In other cases, plans may not recharge the amount until the entire sum insured is exhausted. 

This may cause more than a slight problem in case of a second hospitalisation, if the total cost of both hospitalisations crosses the basic sum insured.

Looking for a health insurance plan with a recharge option is especially useful if one is considering a family floater health insurance policy. As you may be aware, taking a family floater plan brings down the total cost of premium you would pay compared to the amount you would have paid if you took out a policy for each member individually.

A word of caution, though - if you or any other family member you seek to cover through a group insurance policy is over forty, it may be best to go for an individual policy for the concerned members. This is because persons over forty are considered to be at higher risk of contracting illnesses and lifestyle diseases and, therefore, at higher risk of being hospitalised. 

As a result, the premiums demanded for the same coverage are far higher than for a younger individual. Thus, covering them under the family floater policy may not be truly cost-effective.

If your health insurance agent does not provide you with the text of the policy document before paying the first premium, be sure to examine the policy document's fine print during the free look period once the policy document is delivered to you. If you're concerned that you've been misguided or if there is a genuine misunderstanding and the health insurance policy does not offer the recharge option you thought you were signing up for, do not hesitate to return the policy and purchase another one. 

The decision on which one to purchase after you return first needs to be a quick one, especially if you are porting your policy, else you may lose the accumulated benefits transferred while porting a health insurance policy. In addition, you will once again go through a waiting period before being able to claim any benefit from your policy.

In the unlikely event the text of the health insurance policy provided to you prior to purchase differs from the text of the policy delivered to you after payment of the premium, and there is no recharge option as expected, you could consider complaining to the Insurance Regulatory and Development Authority of India (IRDAI), through courier or email. Be sure however, to make the complaint personally as the IRDAI does not entertain third party complaints.

Conclusion

To conclude, the additional cost of buying a plan with a recharge option is certainly worth considering while choosing a health insurance plan for yourself or your family. Be sure however, to thoroughly understand the details of when the recharge is provided and under what circumstances it may or may not be used.

FAQs

1. What is a family floater policy?

Under the family floater health insurance plan, two or more members of the same family are covered under a single policy umbrella.

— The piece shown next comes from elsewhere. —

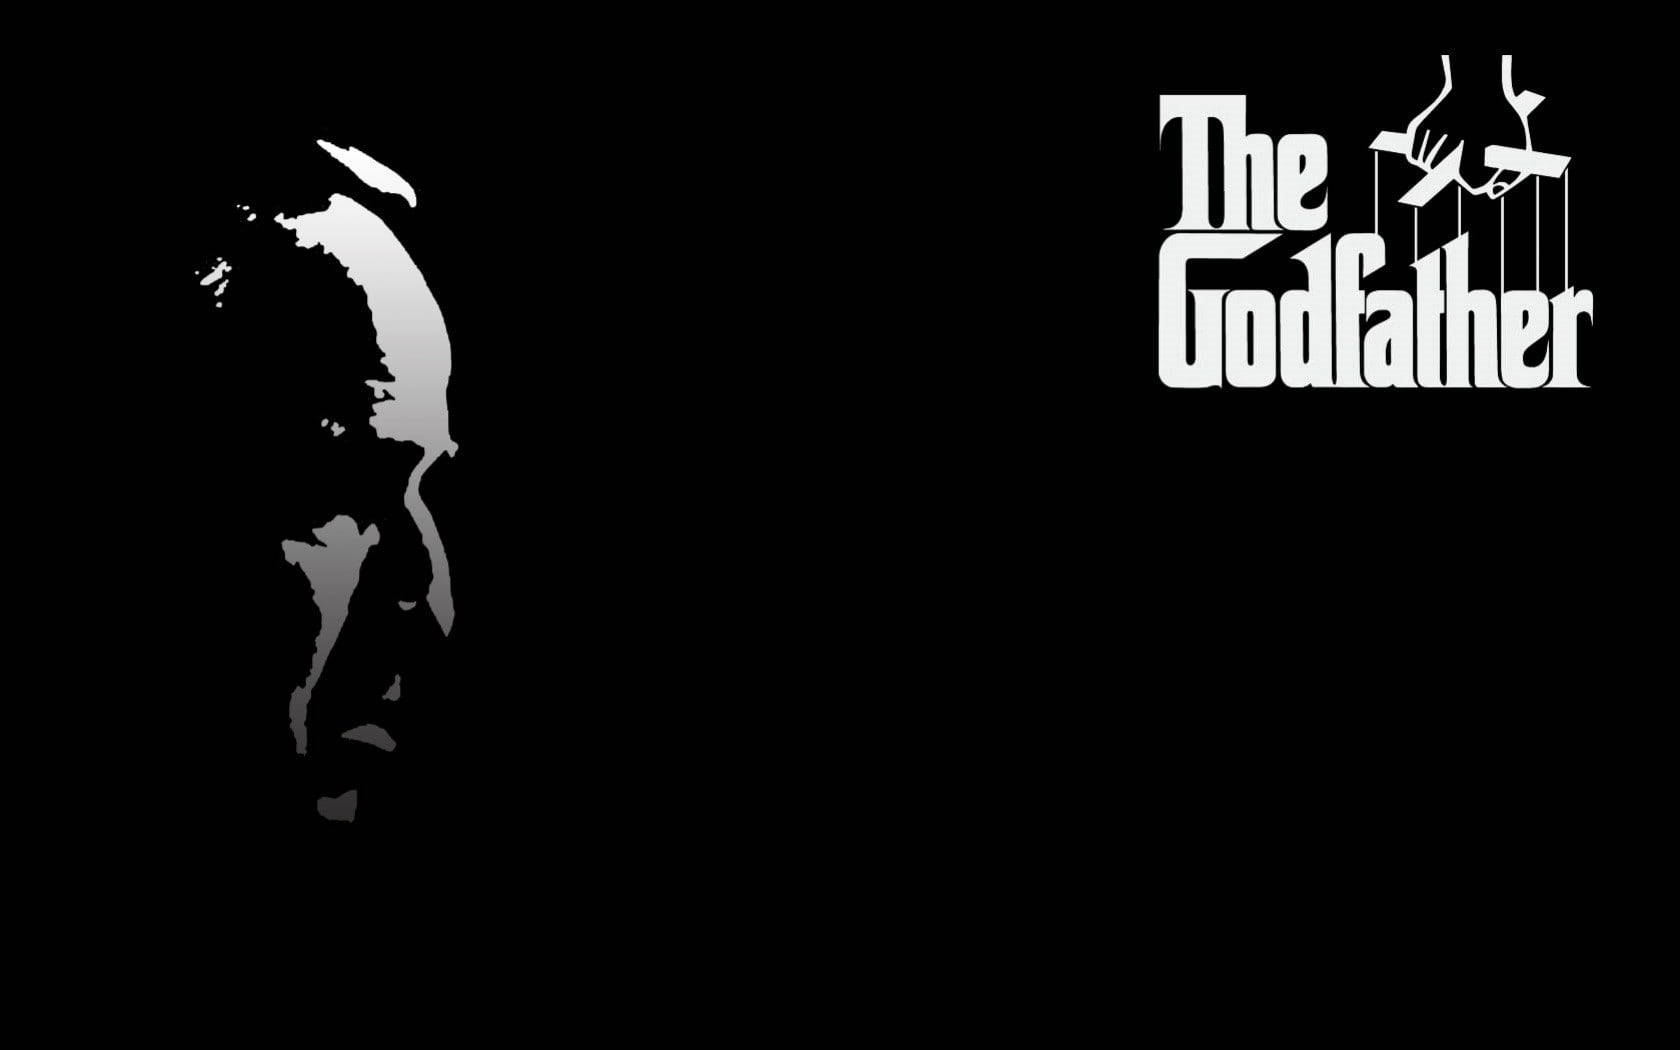 Mafia Film The Godfather Poster Wallpaper

2. What is the free look period?

Most insurers allow the purchaser of the policy to return the same within 15 to 30 days from the date of receipt of the policy, if they feel it's not suitable for them. This period is called the free look-up period.

3. What does porting of a policy mean?

IRDAI defines portability as, the right accorded to individual health insurance policyholders (including all members under family cover) to shift his/her policy to another insurance company along with transfer of credit gained for pre-existing conditions and time bound exclusions.

4. What is the waiting period?

This is the period between the start of the policy and the time before you can avail any benefits from the policy. This waiting period may be for any claim related to all illnesses, or only for claims related to some specific illnesses, pre-existing conditions such as diabetes etc., or special conditions, such as pregnancy and childbirth. 

5. What are the benefits I am likely to lose if I buy a fresh policy instead of porting my current policy?

You are likely to lose benefits such as the No Claim Bonus (NCB) and the discounts on premiums offered against maintaining a healthy lifestyle or improvement in health parameters.